George Daneel
- Born: George Murray Daneel 29 August 1904 Calvinia, Cape Colony
- Died: 19 October 2004 (aged 100) Franschhoek, South Africa
- Height: 1.86 m (6 ft 1 in)
- Weight: 86.2 kg (13 st 8 lb)
- School: Robertson Boys High, Robertson
- University: University of Cape Town Stellenbosch University

Rugby union career
- Position: Number eight

Amateur team(s)
- Years: Team / Apps / (Points)
- University of Cape Town
- –: Stellenbosch University
- –: Garrison

Provincial / State sides
- Years: Team / Apps / (Points)
- 1928–1931: Western Province
- 1931: Transvaal
- Western Transvaal / 1

International career
- Years: Team / Apps / (Points)
- 1928–1932: South Africa / 8 / (6)

= George Daneel =

South African rugby union player

George Murray Daneel (29 August 1904 - 19 October 2004) was a South African rugby player.

==Personal history==
Daneel was born in Calvinia, Cape Colony (now in the Northern Cape) on 29 August 1904 to Marthinus and Charlotte Daneel, and was one of seven children. His father was a Dutch Reformed Church minister who had played rugby for Stellenbosch University against Bill Maclagan's 1891 British team. He also had two other relatives who played at a high level; his uncle Henry Daneel was a member of Paul Roos' 1906–07 team, while one of his cousins, Louis Louw, played on the 1912–13 tour under the captaincy of Billy Millar.

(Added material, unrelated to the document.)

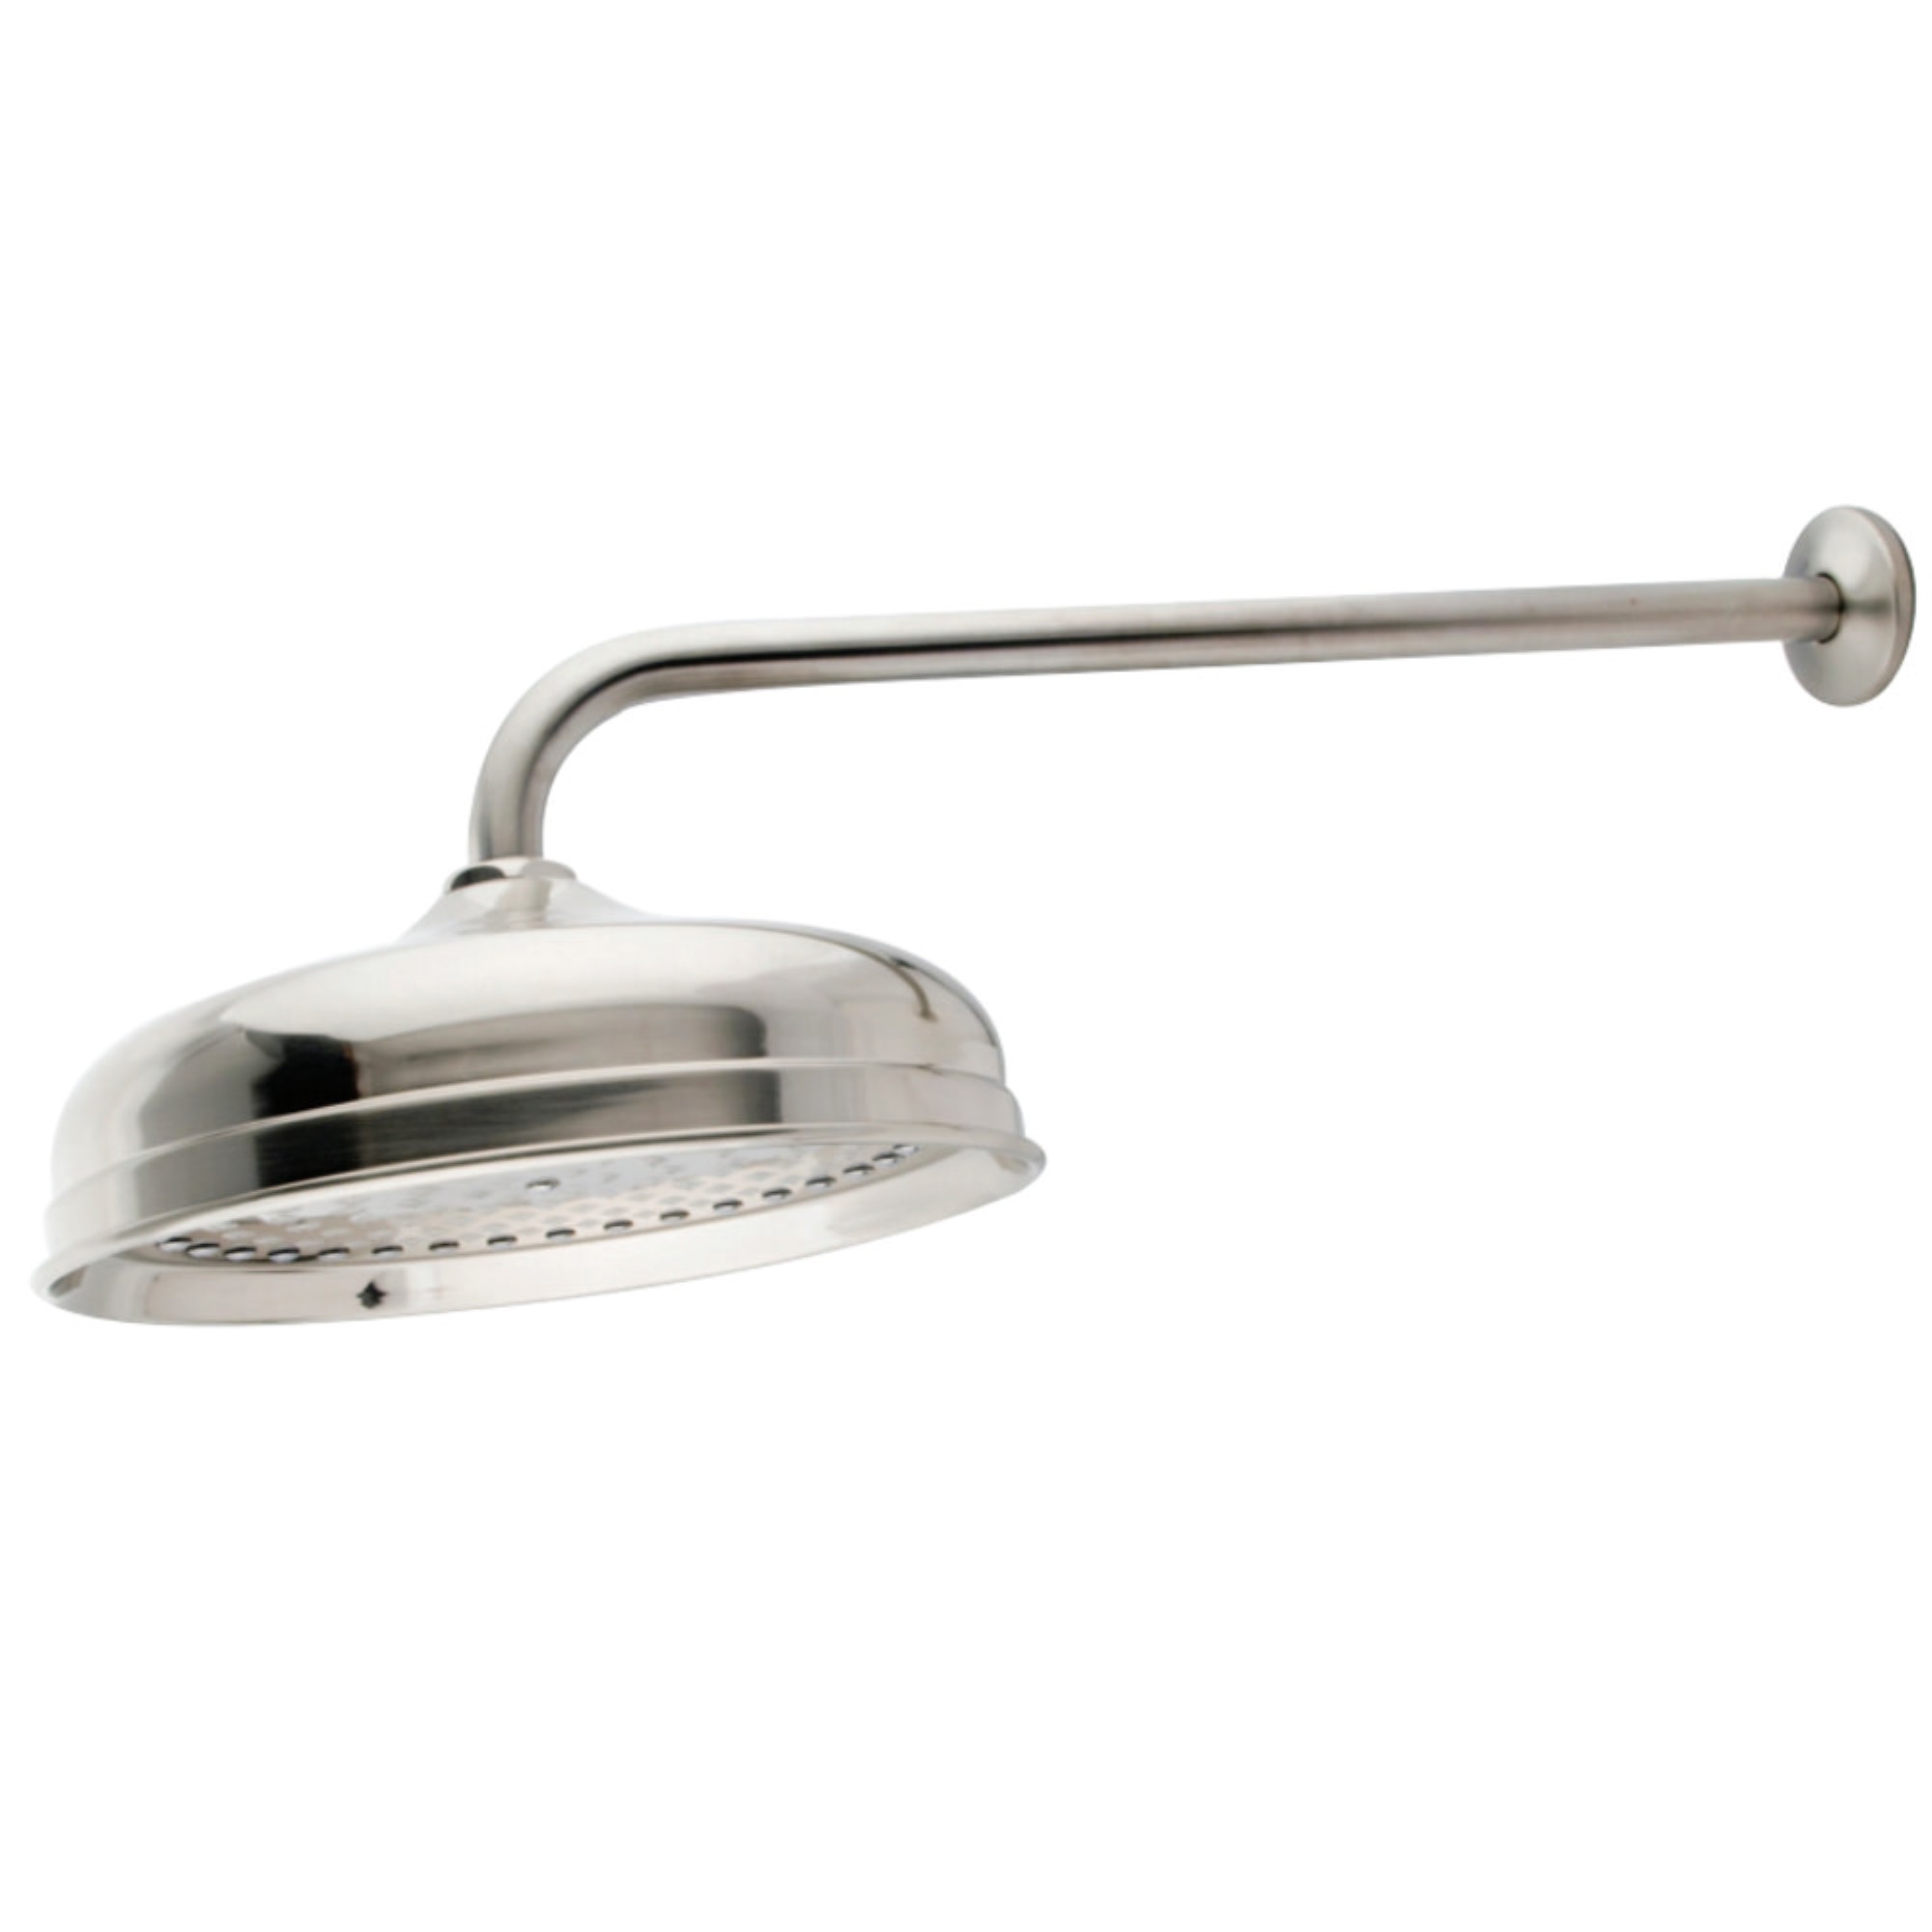 Kingston Brass K225K18 Trimscape 10 in. Showerhead with 17 in. Shower Arm, Brushed Nickel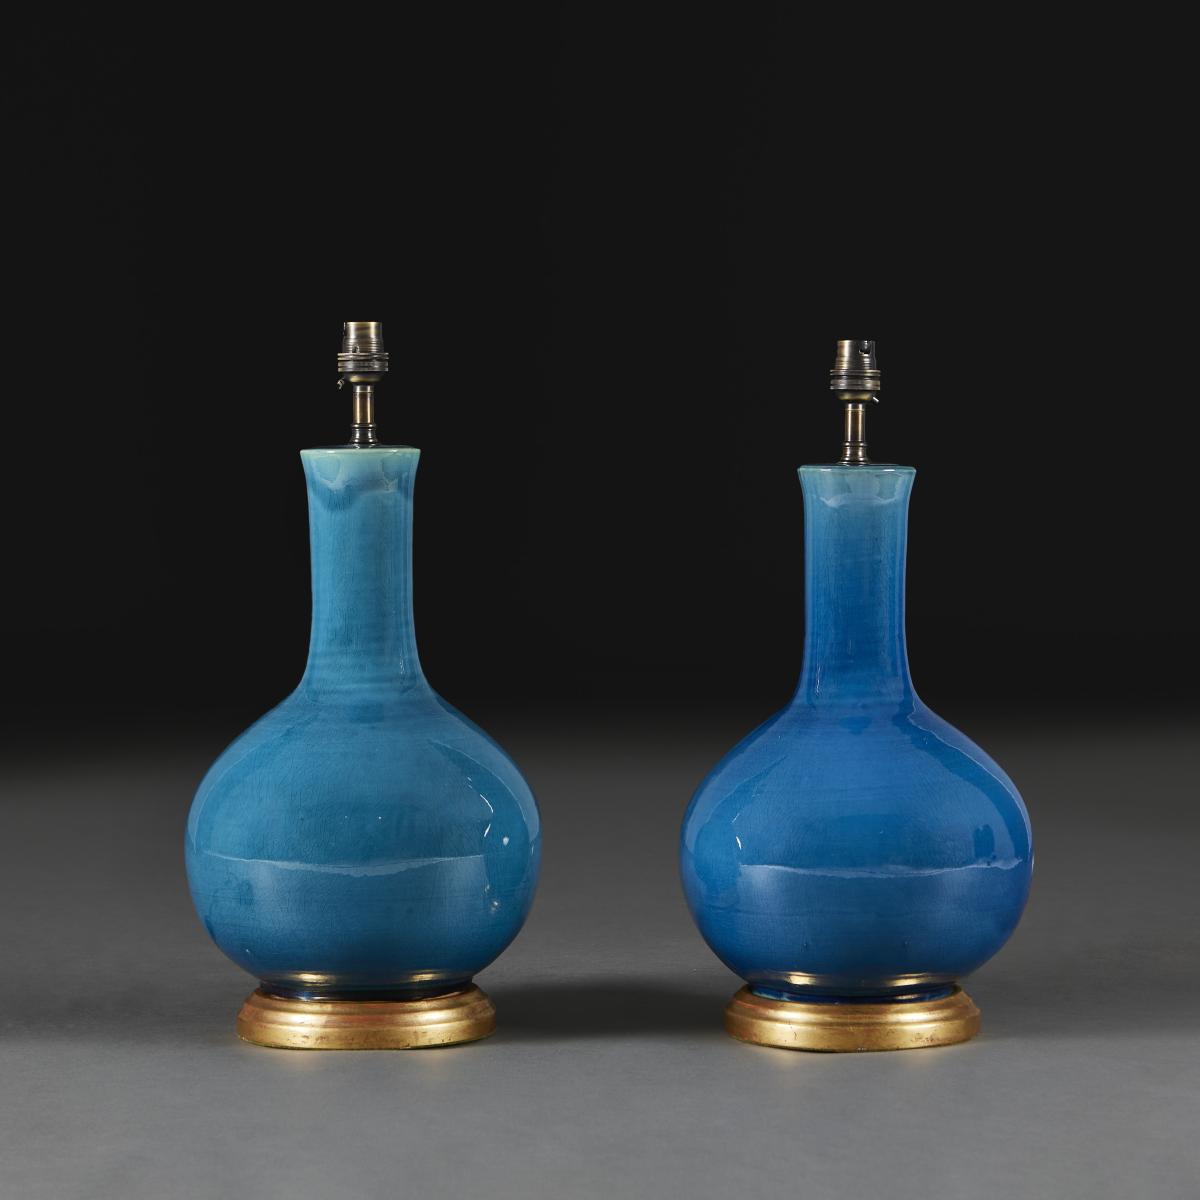 A Pair of Turquoise Monochrome Glaze Lamps

When his father was at Victoria West, Daneel attended the local school, but had to leave in his final year as he was the only senior pupil left and that the standards were not quite up to scratch. His father eventually sent him to school in Robertson, due to the boarding there being inexpensive.

He studied theology at the University of Cape Town (UCT) in 1922 and 1923, failing both years, but managed to complete his final year at Stellenbosch University in 1929.

==Rugby career==
While still at school he played halfback, alternating between scrum-half and fly-half on opposite sides of the field. After arriving at the University of Cape Town (UCT) with the intention of studying theology, he came to the realization that he had no future at scrum-half and subsequently switched to number 8.

At provincial level, he represented Western Province and Transvaal. During World War II after he had already stopped playing, he was also persuaded to play for and captain Western Transvaal after their regular captain Nic Bierman became ill.

He won his first cap against New Zealand in 1928 and his last against Scotland in 1932.

==Life after rugby==
On the 1931–32 Springbok tour of the UK and Ireland, he came into contact with Frank Buchman's Oxford Group and decided to give up rugby to be a part of the Moral Re-Armament, although he still coached on occasion. His work with the movement made him particularly unpopular with the government of the time.

Later he followed in his father's footsteps and himself became a religious minister and served as chief chaplain to the South African Forces during World War II.